Any attempt to crack down on romantic adventuring must be met with swift and sure push-back. Unless Congress and the White House make a serious effort to prevent an overreaction to the Petraeus affair, it’s entirely possible that questions about infidelity will start cropping up in background checks. The pool of people who are interested in careers in government service and senior appointments in the executive branch will shrink further. And the service can ill-afford to lose creative personnel with a high tolerance for risk.
It’s a sad fact that the folks who are in government, especially in the “elite” services of the CIA and the State Department, aren’t what they used to be. They are, to be blunt, less interesting. There are vastly fewer “characters”—the unconventional, often infuriating, types who give institutions color and competence. There is any number of reasons for that. But it’s at least partly due to the expansion of the counterintelligence establishment’s purview since the discovery of Russian moles in the 1990s. Excessive counter-intelligence makes institutions dull. Timidity becomes commonplace. Fretting about infidelity threatens to become one more factor depriving the government of men and women of talent.
There’s another factor at work. When I was going through the lengthy examination process to enter the Clandestine Service, I had to role-play opposite a middle-aged female case officer. My mission was to infiltrate a certain enterprise, and I had to enumerate the ways, all interconnected, that might work. Before starting my task, the woman asked me what was the one thing I was not permitted to do to win. Fairly well-read in CIA history and briefed by friends already in the agency, I began to list all the off-limits-without-director-approval approaches an operations officer might attempt. With each answer, she shook her head. After dozens of tries, I gave up.
She looked at me scornfully and said, “No sex.”

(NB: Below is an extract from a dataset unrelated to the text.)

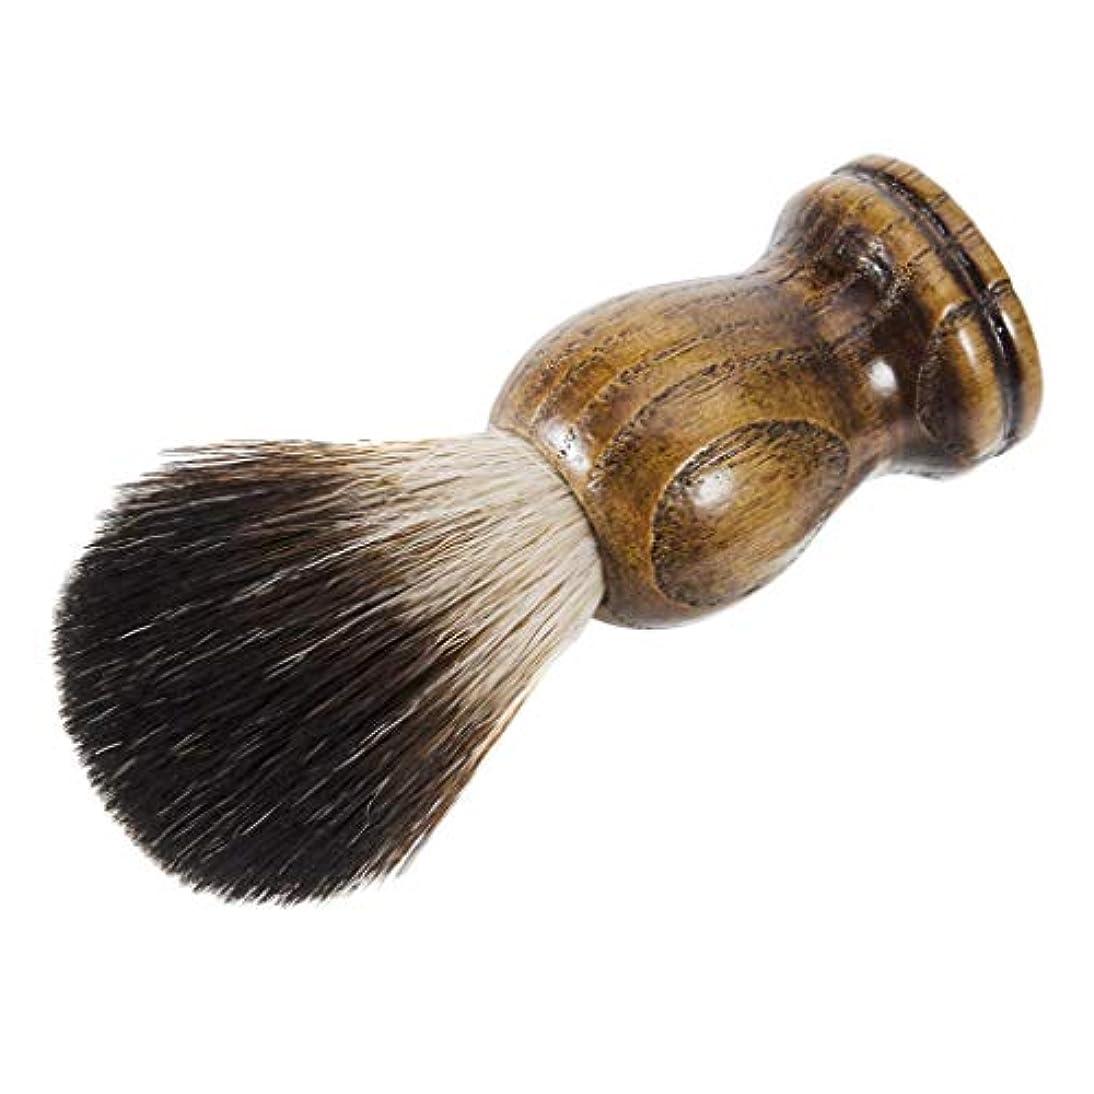 コットンつまずくはがきメンズ ひげブラシ シェービング ブラシ 理容 洗顔 髭剃り 泡立ち 滑り止め

The subject has inevitably become far more sensitive at Langley in recent years, with the arrival of more women in the workplace, an upswing in office romances, and new rules regulating intramural behavior across the country. As the CIA has become ever more like the rest of corporate America, aspects of the old culture have fallen away. The worst danger, in my view, is that these shifts will lead officials to equate fidelity to a spouse with fidelity to a nation. There is no correlation between serially cheating in a marriage and compromising loyalty to country. Patriotism is a very different kind of love.
The CIA has a long history of getting into trouble, then overcorrecting for its perceived sins. After the congressional Church Committee saw the devil in the agency’s cold war work, lawyers descended upon Langley. Contrary to the depiction of aggressive CIA interrogation in Zero Dark Thirty, the institution has become a very cautious one. Before we down more generals, before we unleash the FBI on more clandestine romances, we should remember the long, humdrum history of infidelity and espionage—and leave the punishment of wayward operatives to their husbands or wives. Case officers aren’t saints. For their sakes, and ours, don’t try to make them, or the civilians who oversee them, into moral paragons.
Reuel Marc Gerecht, a former CIA operations officer, is a senior fellow at the Foundation for the Defense of Democracies.